Bandelero Loses a disk

|
One of my hard drives from my IDE Bandelero failed leaving me with a degraded RAID array. I've been spending a lot of time thinking about backup strategies for 203 gigs of data. Well this failure really sealed that deal. I bought a usb 2.0 card, a chincy USB 2.0/firewire enclosure, and a 250 gig IDE disk. Plus, I upgraded...

...the array by replacing the two (non-uniform) 100GB disks with 2 brand new Hitachi 160GB disks that were $60/ea at a labor day sale. So my raid array grew by 60GB to 263GB. Before I could rebuild the raid devices and recreate the logical volume I had to backup 190GB of data to the external hard drive.

The usb card and external drive worked easily with a kernel recompile for the usb chip type and usb-storage. Linux handles it all very well.

Next I moved the data from the degraded array to the external drive. I mounted the degraded array read only to prevent changes and to keep listening to the music collection from the samba share. I used rsync in archive mode to do the copying under the pretense that I'll make another backup in a few months. The first backup is just a copy, but using rsync, the next backup will be incremental. This backup took 50 hours.

After the backup completed I was ready to work on the new array. I replaced the physical drives in the computer. I mounted the backup read-only and shared it as the normal music share (to keep it online). Then I created a new raid array using the new 160GB disks. Finally building a logical volume from the remaining raid array and this new one.

Here's the commands:


#rebuild raid volume
mdadm --create /dev/md2 -l 1 -n 2 /dev/hdf1 /dev/hdh1

#create logical volumes
pvcreate /dev/md2
pvcreate -ff /dev/md1
rm -R /dev/vg0
vgcreate -s 8m vg0 /dev/md1 /dev/md2
vgdisplay
lvcreate -l 33943 vg0    
lvrename vg0 lvol1 lv0

lvdisplay /dev/vg0/lv0 
--- Logical volume ---
LV Name                /dev/vg0/lv0
VG Name                vg0
LV Write Access        read/write
LV Status              available
LV #                   1
# open                 1
LV Size                265.18 GB
Current LE             33943
Allocated LE           33943
Allocation             next free
Read ahead sectors     1024
Block device           58:0

Notice that I used 8m for my max physical extents.

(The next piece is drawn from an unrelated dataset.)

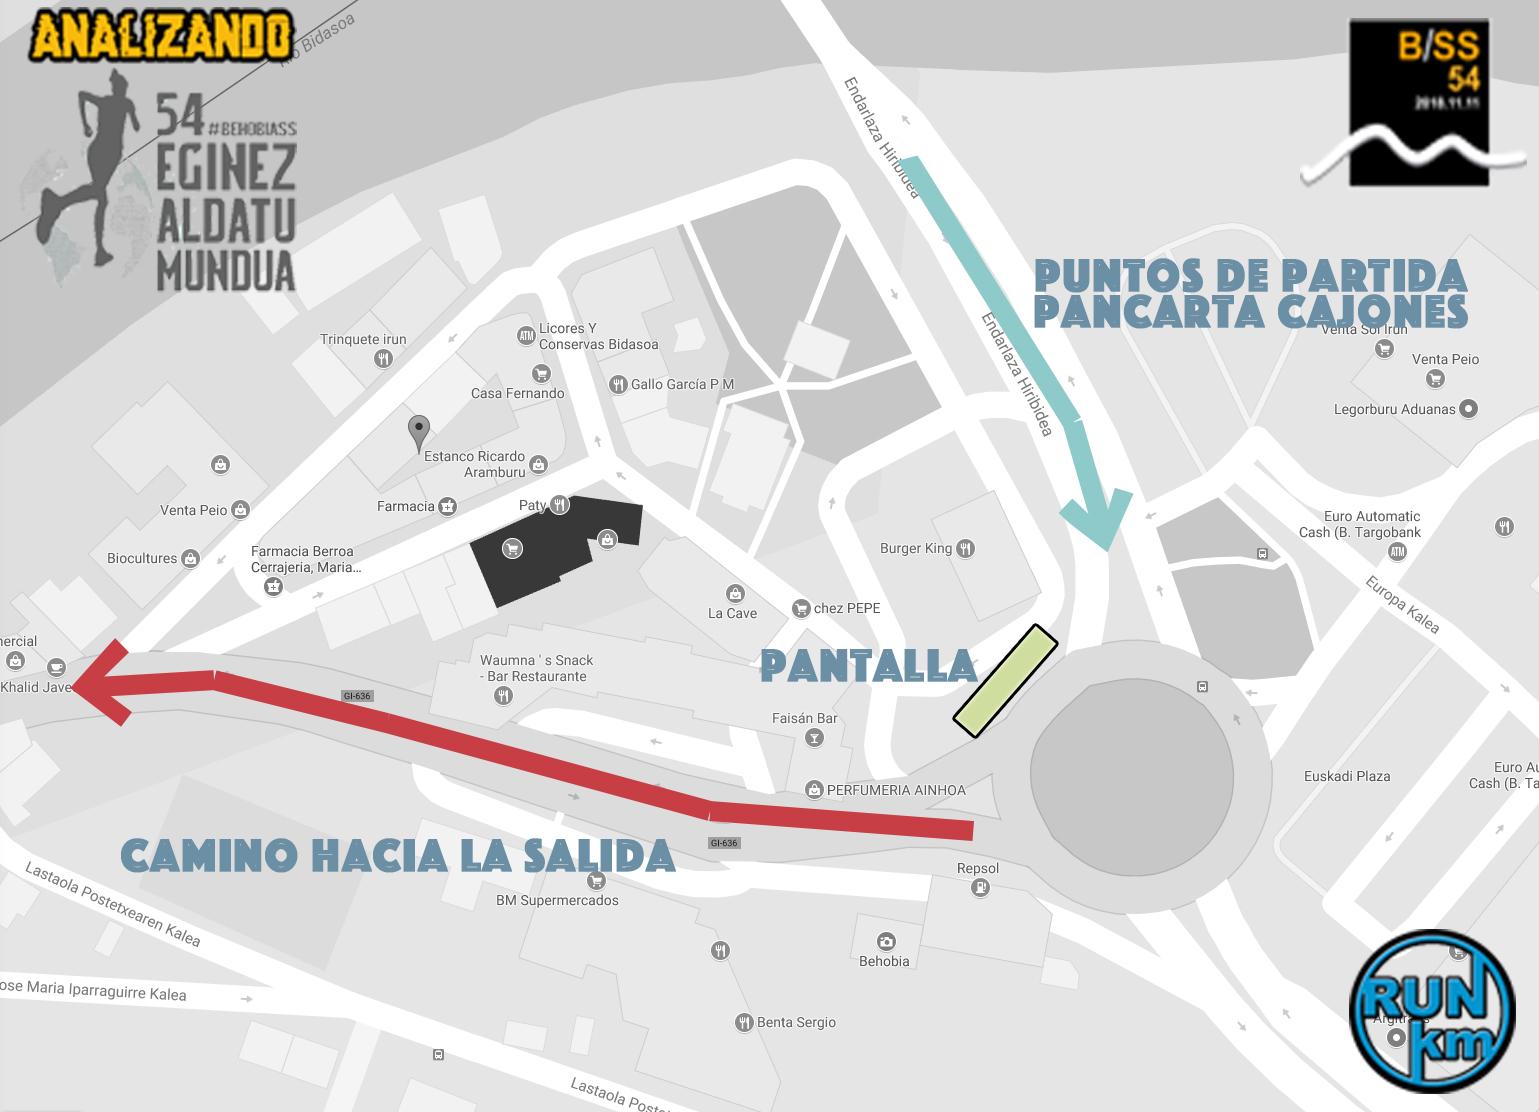 Analizando Behobia - San Sebastián 2018 [ BSS54 ]

The default extents for a volume group, 4m, maxes the volume size at 256GB. I need, just over that. Also notice that I rename the volume logical volume from lvol1 to lv0, because that's what it is in my fstab.

Finally, I formatted the new logical volume as reiserFS. Now I'm copying the data back to the volume from the external drive using rsync again. I expect it to take another 50 hours.

After, the copy is finally done. I'll remove the drive from the external enclosure, seal it up, and store it at a friends house. That should cover me from most catastrophes. Then I'm taking the 100GB disk that didn't fail and putting it in the enclosure to use a a video disk to bounce between my various workstations.

Conclusions:

  • I'm not really happy with my IDE bandelero. It's tough to change the drives out. I probably won't revisit it until next failure though. At least it's hearty and done. Good enough!
  • Linux logical volumes on top of software raid1 works really well.
  • A hard-drive failing still hard locks the IO subsystem for certain failures and you have to restart the computer. So it's not a completely graceful failure, but no data is lost and it comes up degraded working fine.
  • External IDE hard drive backups are the best price, size, and speed for medium risk backups.
  • Rsync is subtle about how it uses subdirectories. Explore the -R option.
  • Big data takes time. Be patient.